Try using something like this:

function get_data($url) 
{
    $ch = curl_init();
    $timeout = 5;
    curl_setopt($ch, CURLOPT_URL, $url);
    curl_setopt($ch, CURLOPT_RETURNTRANSFER, 1);
    curl_setopt($ch, CURLOPT_CONNECTTIMEOUT, $timeout);
    $data = curl_exec($ch);
    curl_close($ch);

    return $data;
}

Unfortunately your lack of detail about your specific query or files rendered me unable to come up with more exact code to match your situation. And the above (or below) curl_get_file_size will help you with the size in case you ever need it.



回答6:

IMHO it is a good idea not to rely on php curl module availability. Your snippet works with a little modification:

First change

$file_headers = @get_headers($path);

to

$file_headers = @get_headers($path,1);

to get named array keys (see php reference).
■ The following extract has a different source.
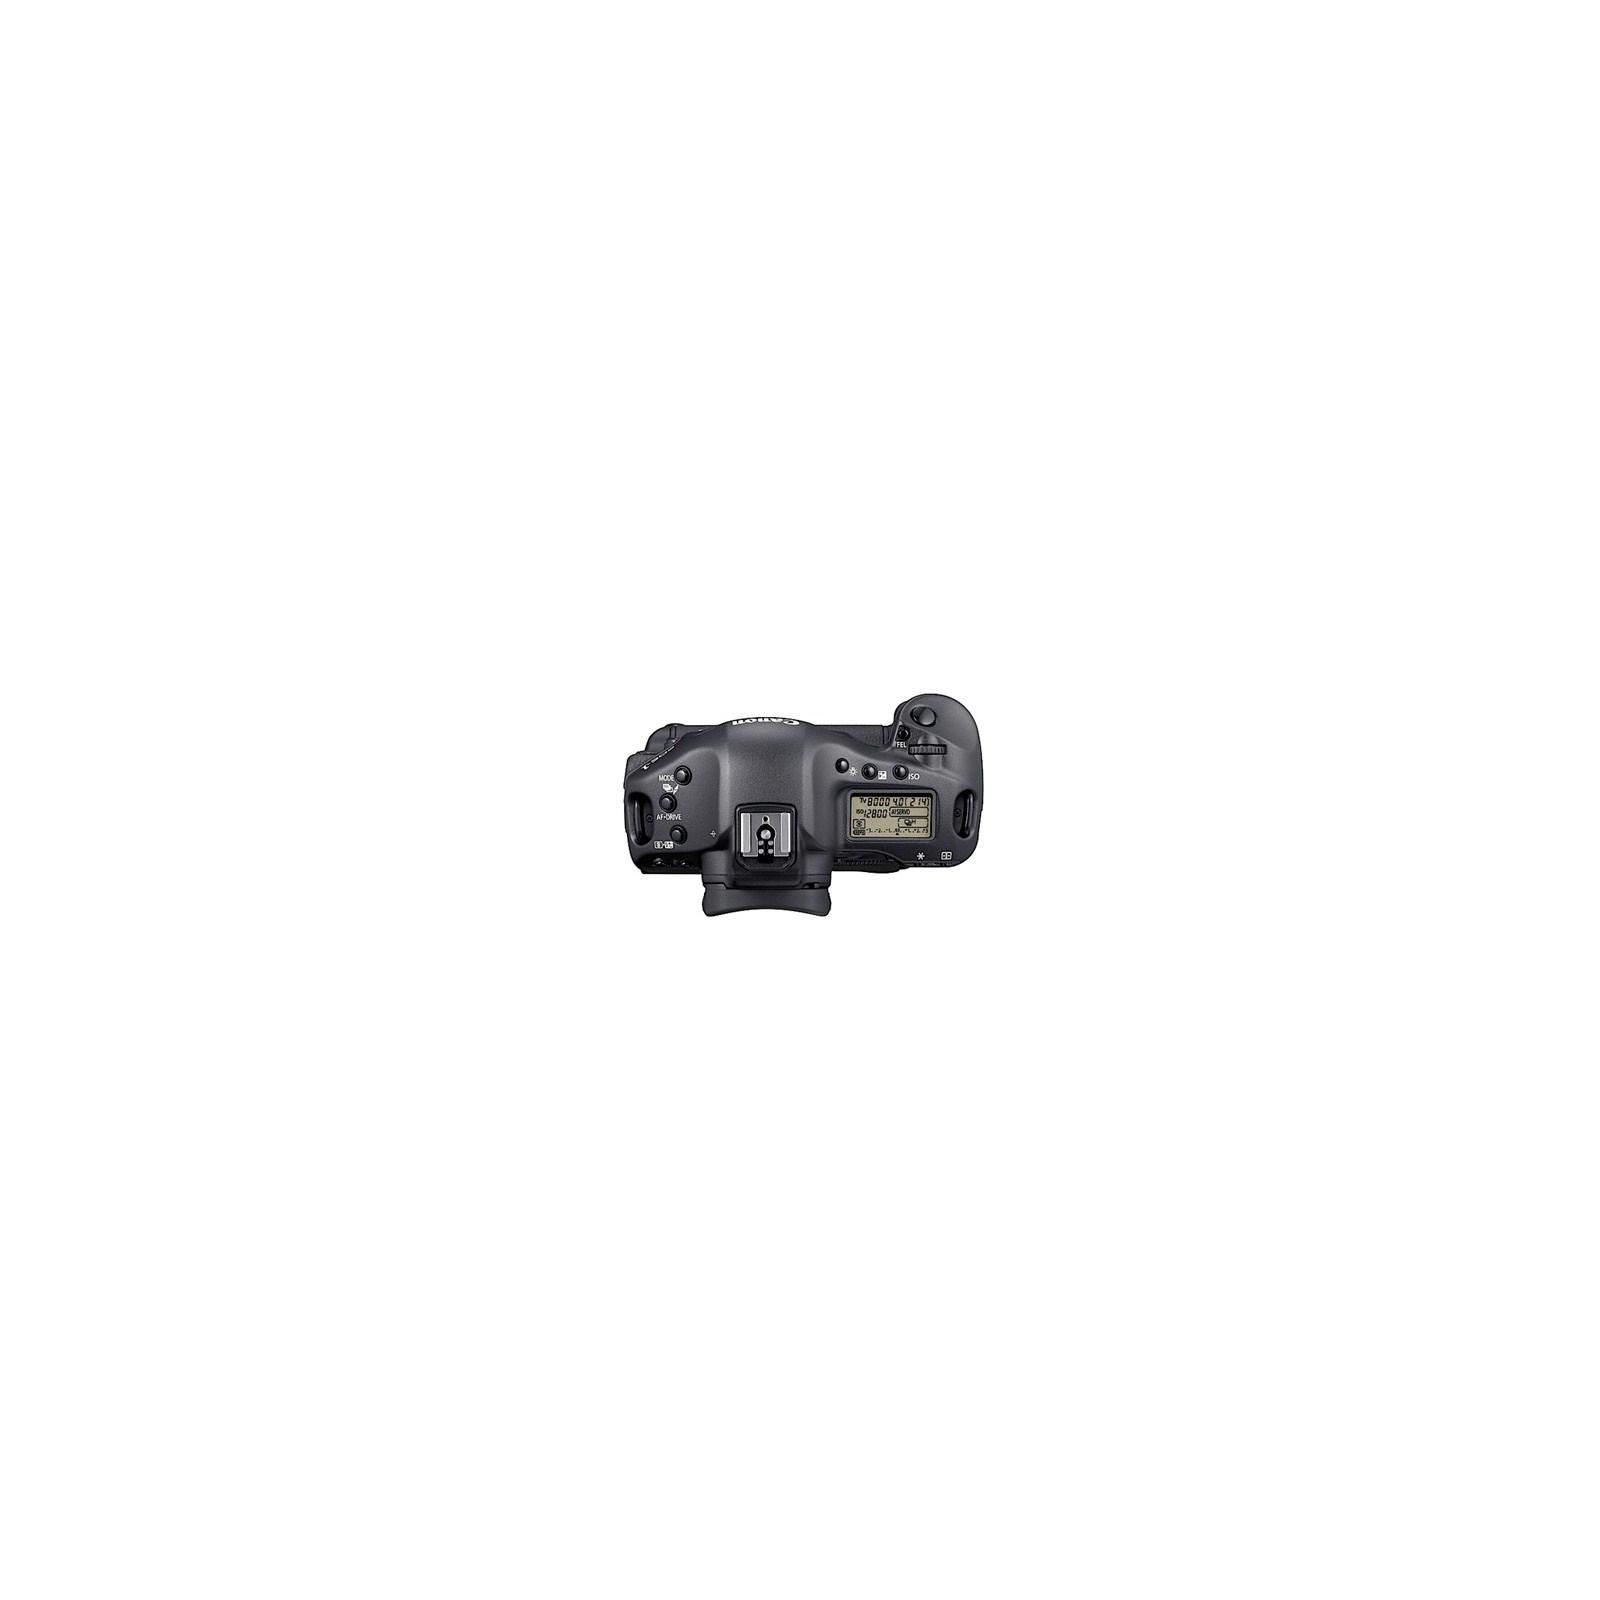 Цифровой фотоаппарат EOS 1D Mark IV body Canon (3822B020) изображение 3

With this modification the http status code still comes in $file_headers[0] but you'll get some more and useful data which can be passed thru (validation recommended): Content-Length and even Content-Type (which allows you waiving your approach of mime-type detection upon file suffix).

Change

header("Content-Length: " . filesize($path));

to

header("Content-Length: " . $file_headers['Content-Length']);

and

header("Content-Type: $mime_type");

to

header("Content-Type: " . $file_headers['Content-Type']);

Even if your "path" is a trusted source you might want to add some validation as you should not trust exernal data being of the kind you expect.